> What you should do: Make an exact copy, without pictures, of the lines below from the one containing "kula diamond - the" to the last line, both ends included.

> Provided material:
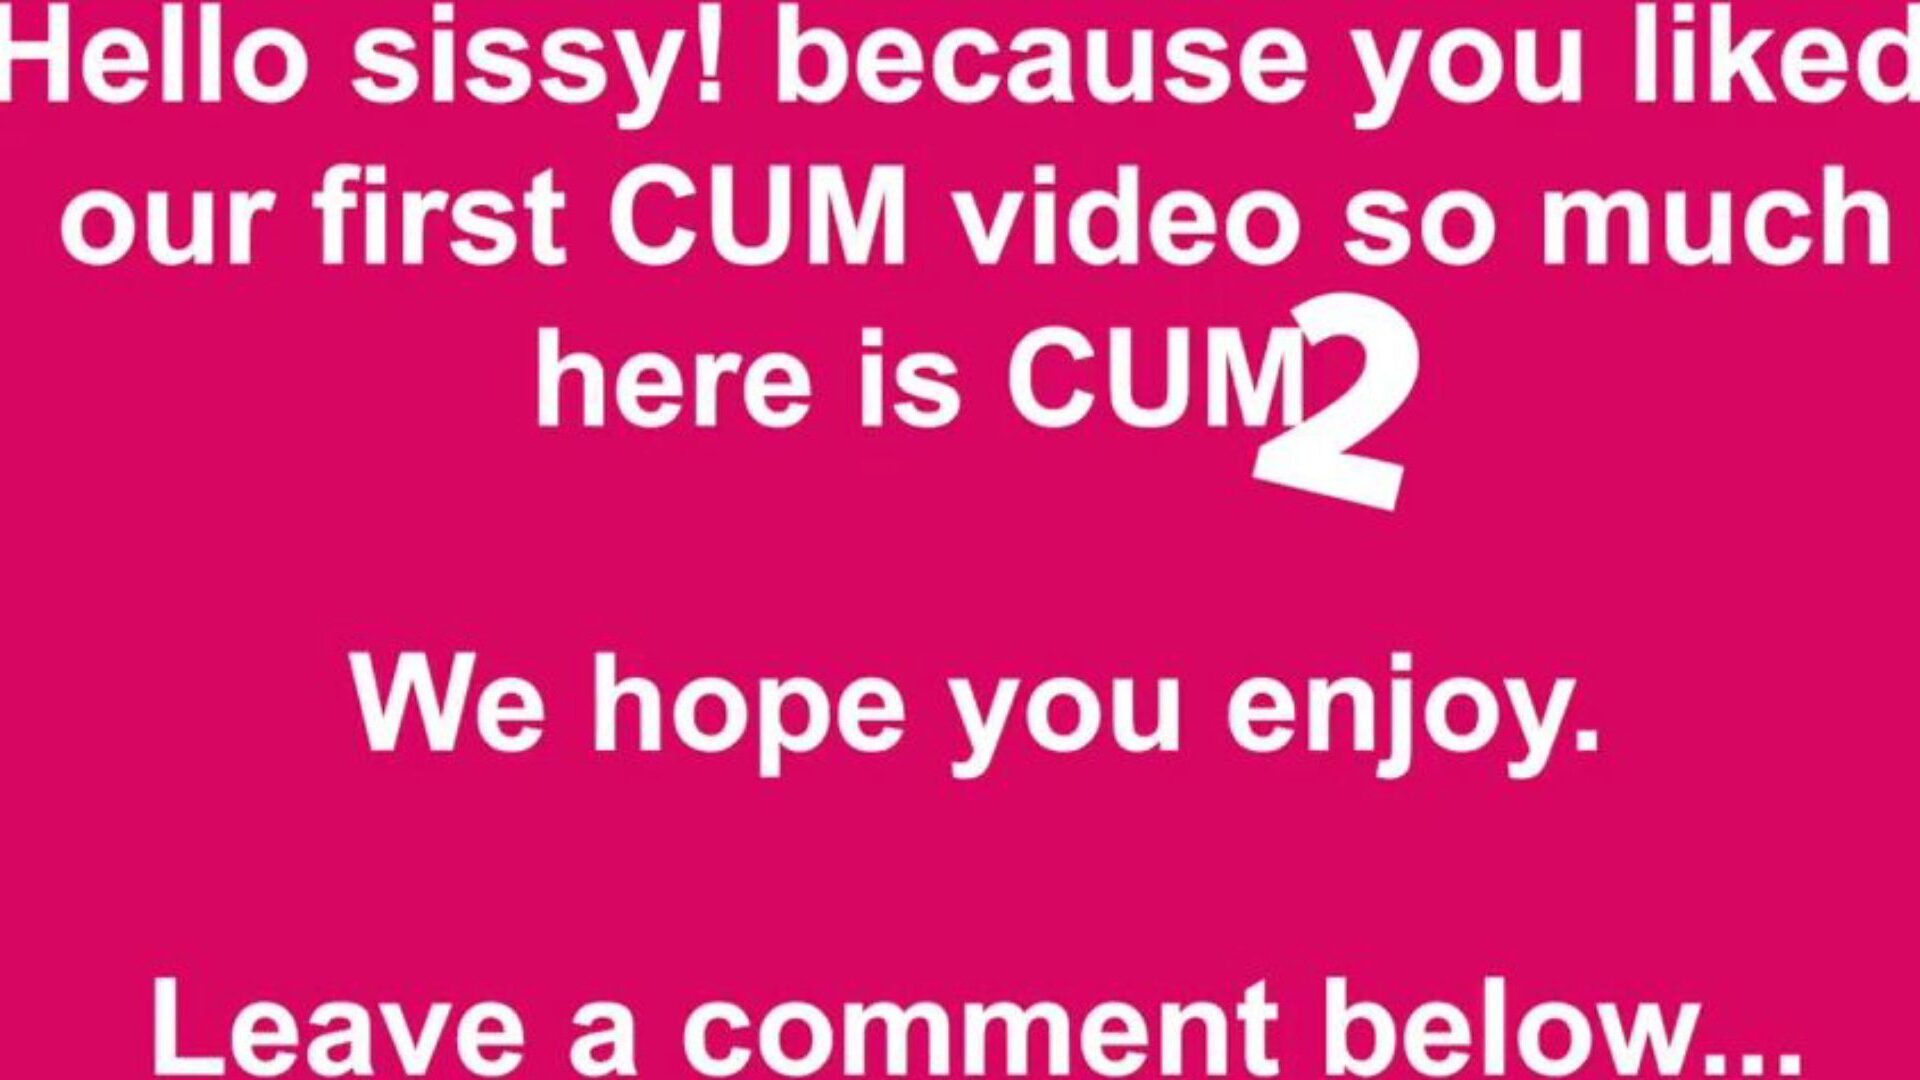 cum two free cum & cumming tube porn video 49 - xhamster mira el video cum two tube fuck-a-thon gratis en xhamster, con la colección imperiosa de cumming tube & tube 2 episodios de películas porno hd gratis
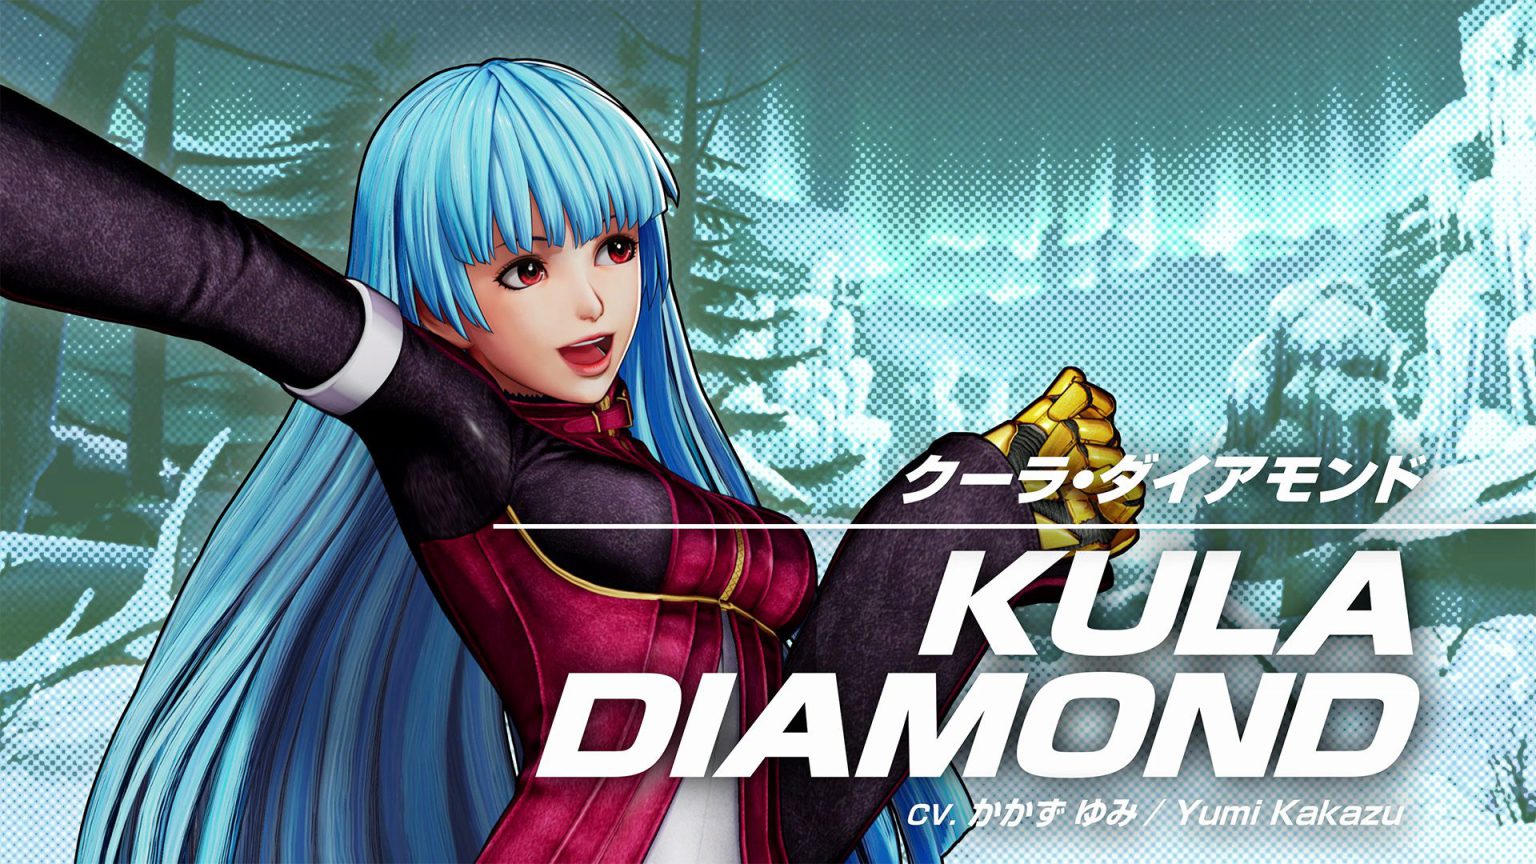 kula diamond - the king of fighters 15 - generacion xbox
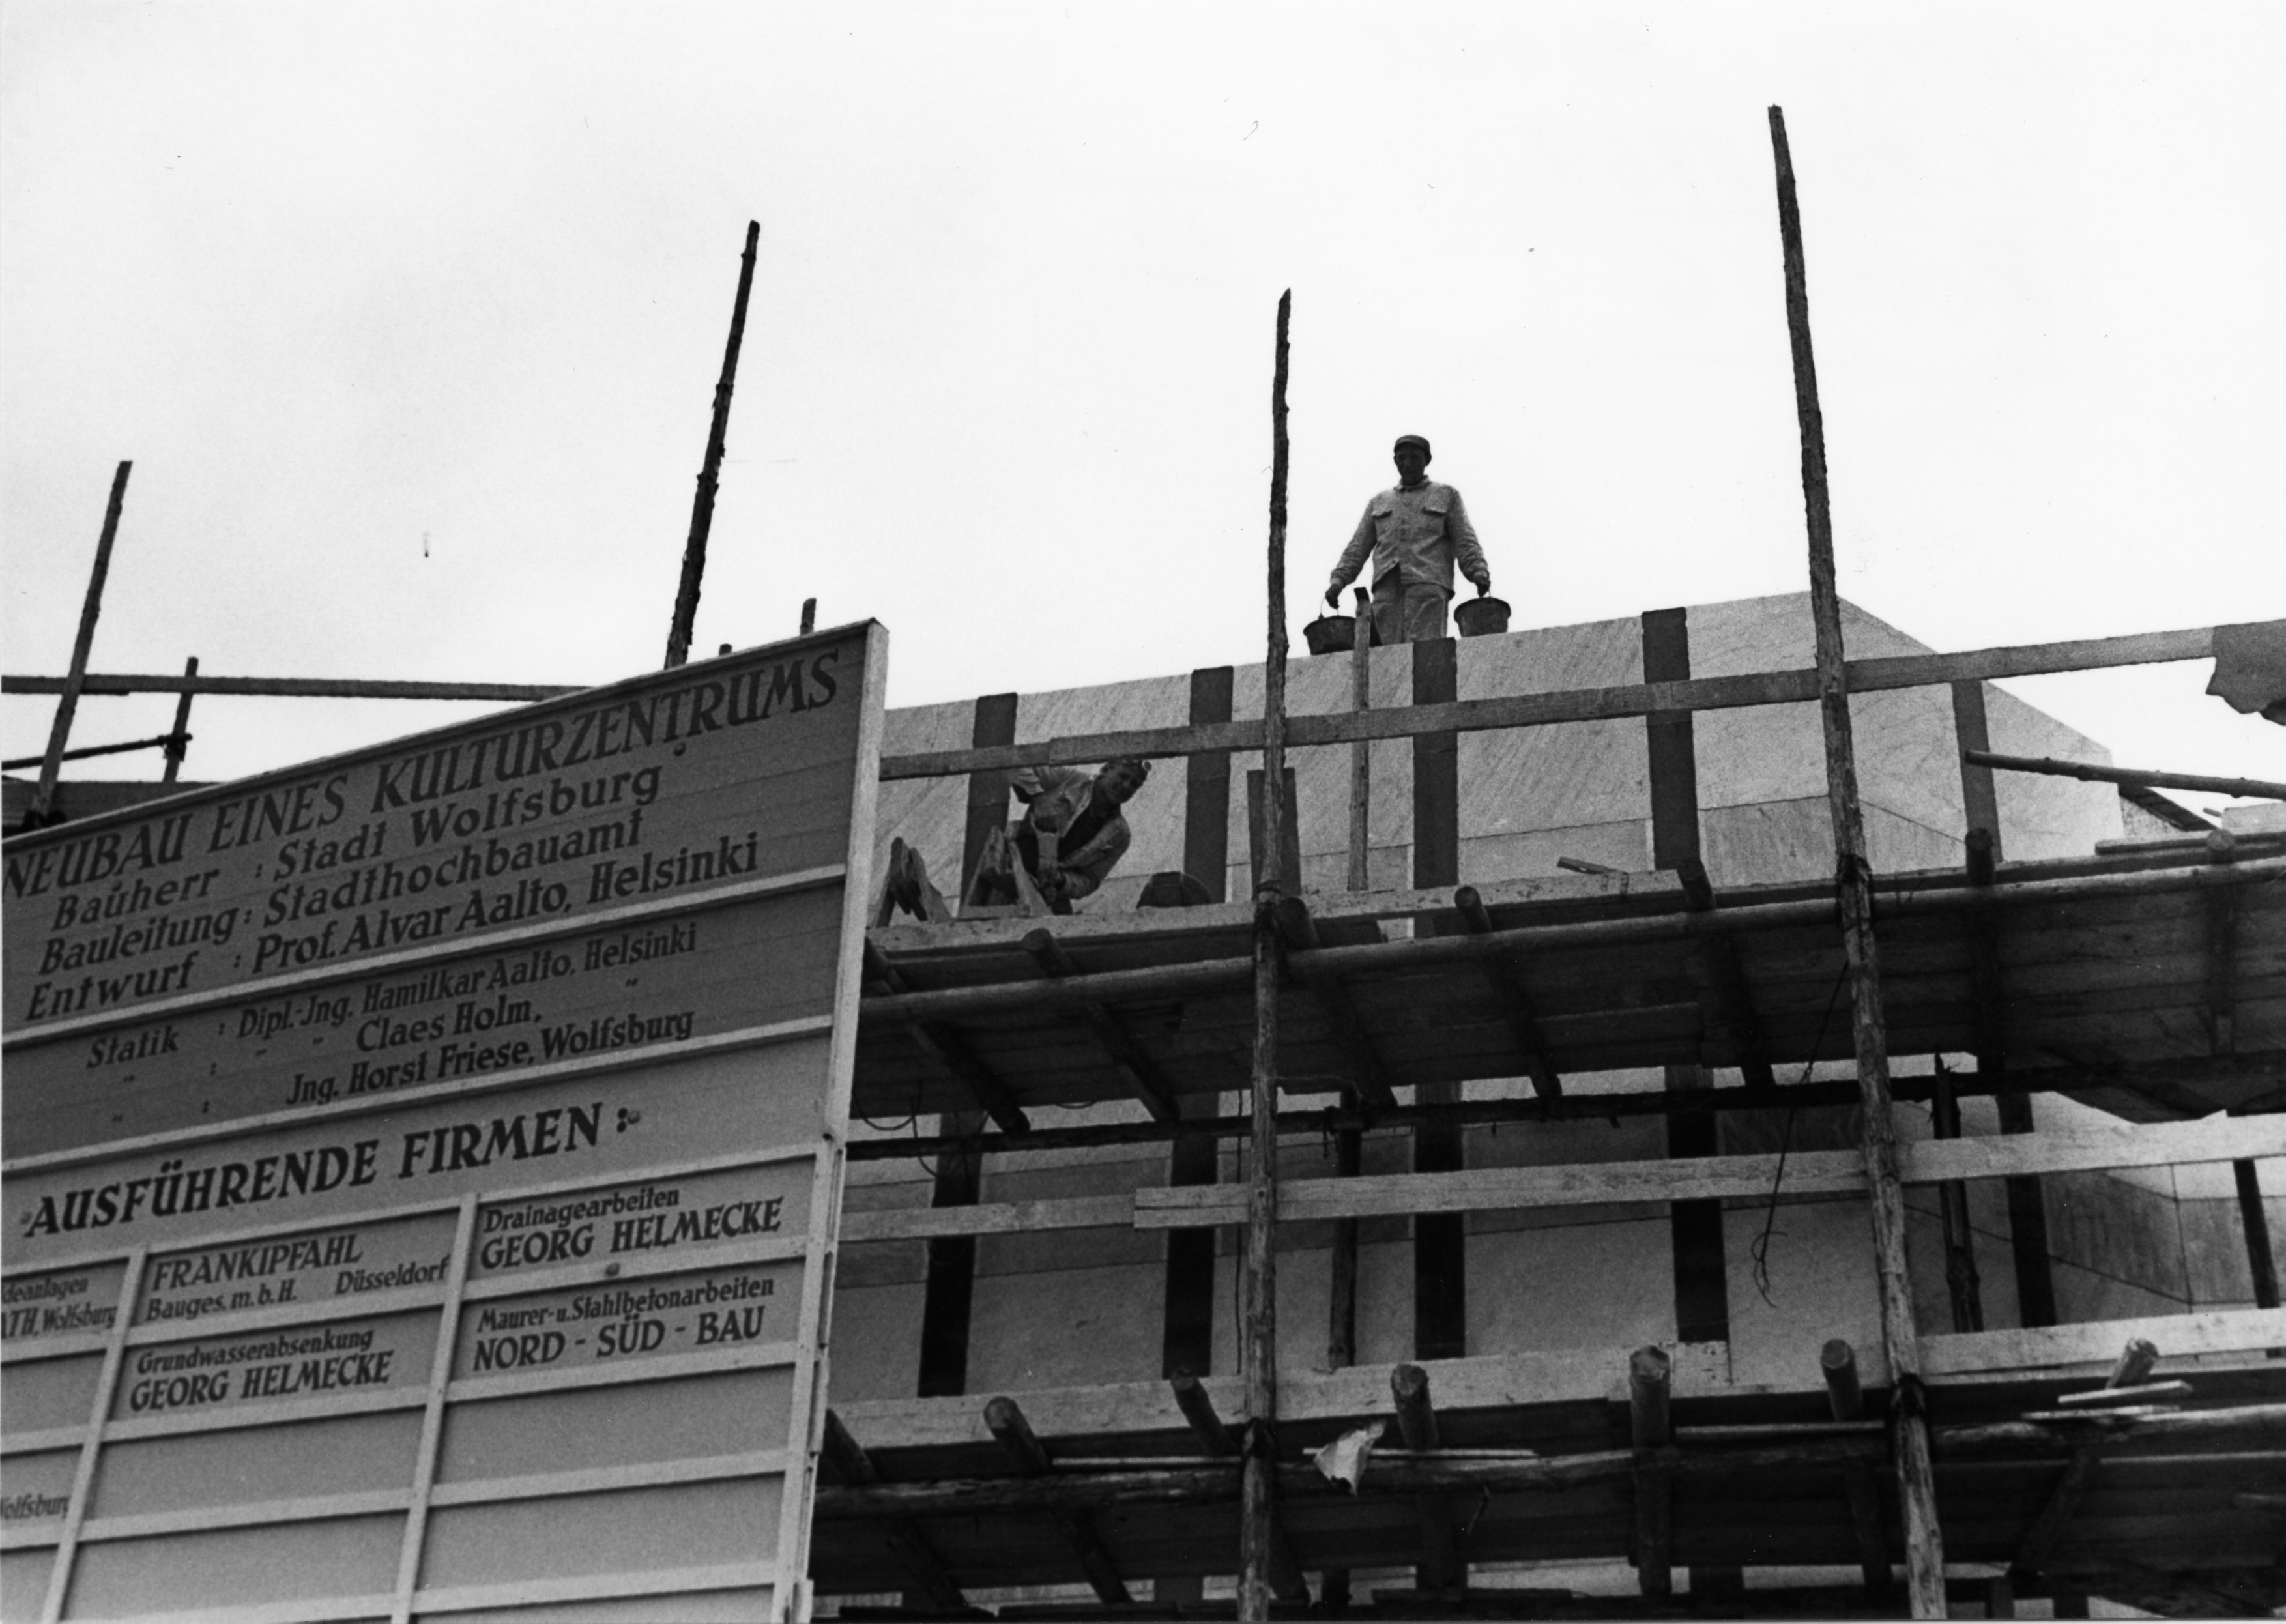 Bau des Kulturzentrums, Juni 1961 (Foto: Rosemarie Rohde)

> Task result:
 kula diamond - the king of fighters 15 - generacion xbox
 Bau des Kulturzentrums, Juni 1961 (Foto: Rosemarie Rohde)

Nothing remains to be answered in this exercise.